Judge OKs $18 million to investors in Ponzi case of former Chattanooga businessman

Staff photo / John J. Woods, shown in a July 30, 2018, photo, was an investor in the Chattanooga Lookouts minor league baseball team.
Staff photo / John J. Woods, shown in a July 30, 2018, photo, was an investor in the Chattanooga Lookouts minor league baseball team.

Investors seeking claims in an alleged Ponzi scheme involving former Chattanooga businessman John J. Woods will receive an initial payout of $18 million, a judge ruled Tuesday.

But the payout is only about a quarter of the $70 million in claims filed by investors who federal regulators alleged were defrauded by Woods' scheme.

U.S. District Court Judge Steven D. Grimberg of Atlanta, following a Zoom hearing, agreed with a request by the case's receiver for the initial distribution to investors.

A. Cotton Wright, the court-appointed receiver who has been selling off the assets of an investment fund Woods used to allegedly bilk investors, said during the hearing that she expects two more distributions, though the one approved Tuesday likely will be the biggest.

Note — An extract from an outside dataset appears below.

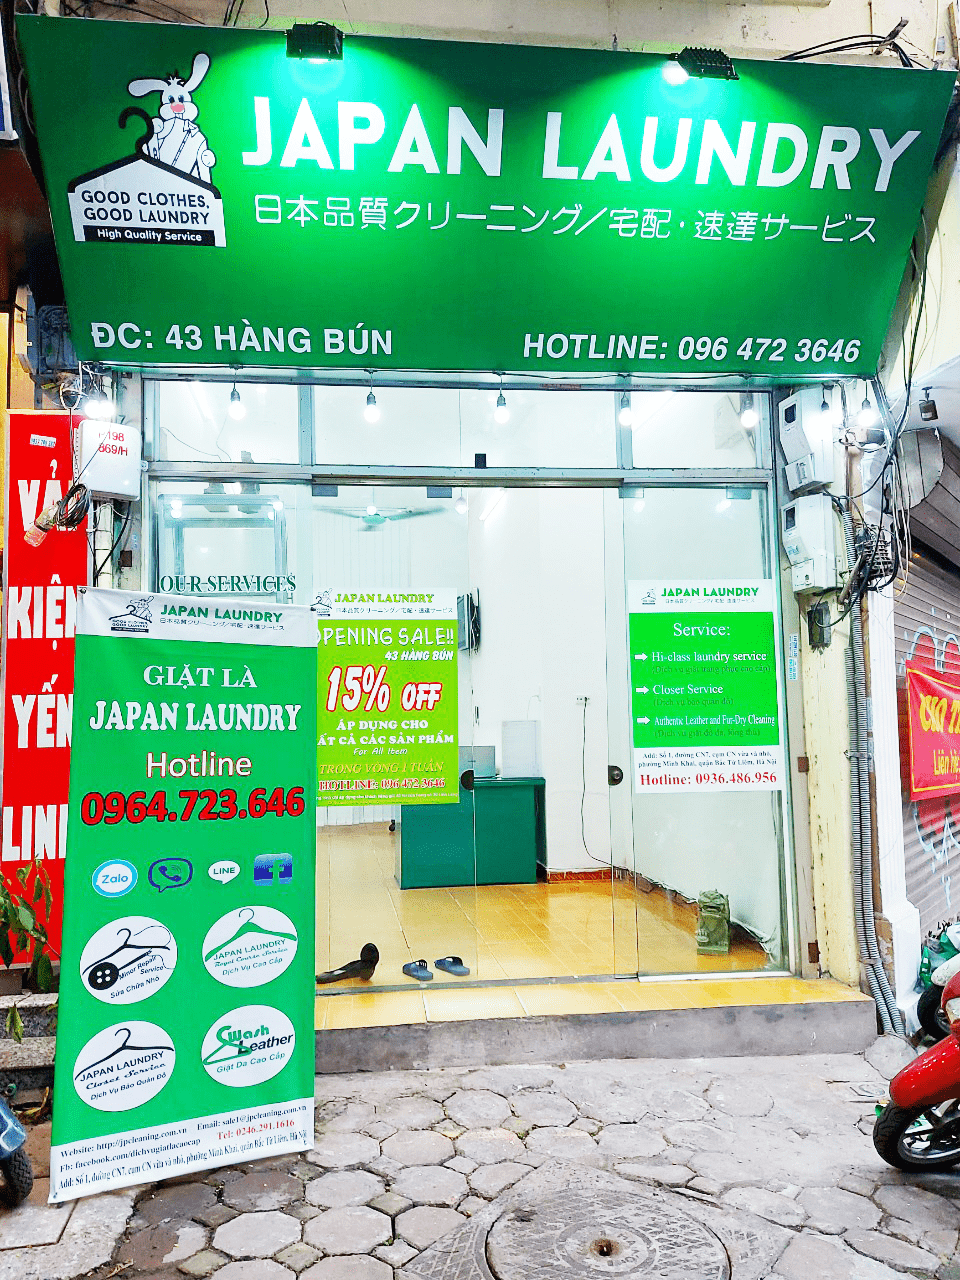 Japan Laundry

"This would be the largest distribution of the bunch," she said.

She said another distribution to investors could come in late spring or early summer. Wright said a third distribution could be carried out in early 2024. She said there is about $19 million in the receivership account.

According to the U.S. Securities and Exchange Commission, Woods collected more than $110 million from investors with promises of 6-7% rates of return. But the commission said in August 2021 that the investments in the fund, Horizon Private Equity III, were "worth far too little for there to be any realistic prospect that the Ponzi scheme will be able to pay back existing investors their principal, let alone the promised returns."

Woods, 57, who grew up in East Ridge before moving to Marietta, Georgia, and was a co-owner of the Chattanooga Lookouts minor league baseball team, has denied wrongdoing in court papers.

His lawyer, David M. Chaiken of Atlanta, said earlier in an email that the commission's claims don't meet the FBI's definition of a Ponzi scheme. He said the government's "use of this pejorative term in its press release and in its complaint mischaracterized the actual facts and unfairly portrayed" Woods and others. Chaiken said Woods had been managing the private equity fund with real assets that would have been worth more than what the fund owed investors.

David Bain, identified as an attorney for investors Jan and Linda Gorman, said during the hearing that he is wholeheartedly in favor of the distribution.

He also urged the receiver to deal directly with investors so none of the distribution is eaten up by a third party. Wright said she planned to do so.

Commission attorney Harry B. Roback also agreed with the receiver's distribution request.

Wright has said the latest accounting shows claims of $70 million by 431 investors. Wright said claims range from about $85 to $4.6 million at the highest amount, which is $3 million more than the next largest.

Woods' fund, among other investments, had included interests in Chattanooga area entities ranging from the Lookouts to real estate ventures involving strip centers and the former Sears and JC Penney stores at Northgate Mall.

In October 2021, the judge agreed to let the Lookouts buy Woods' share of the club for $1.87 million.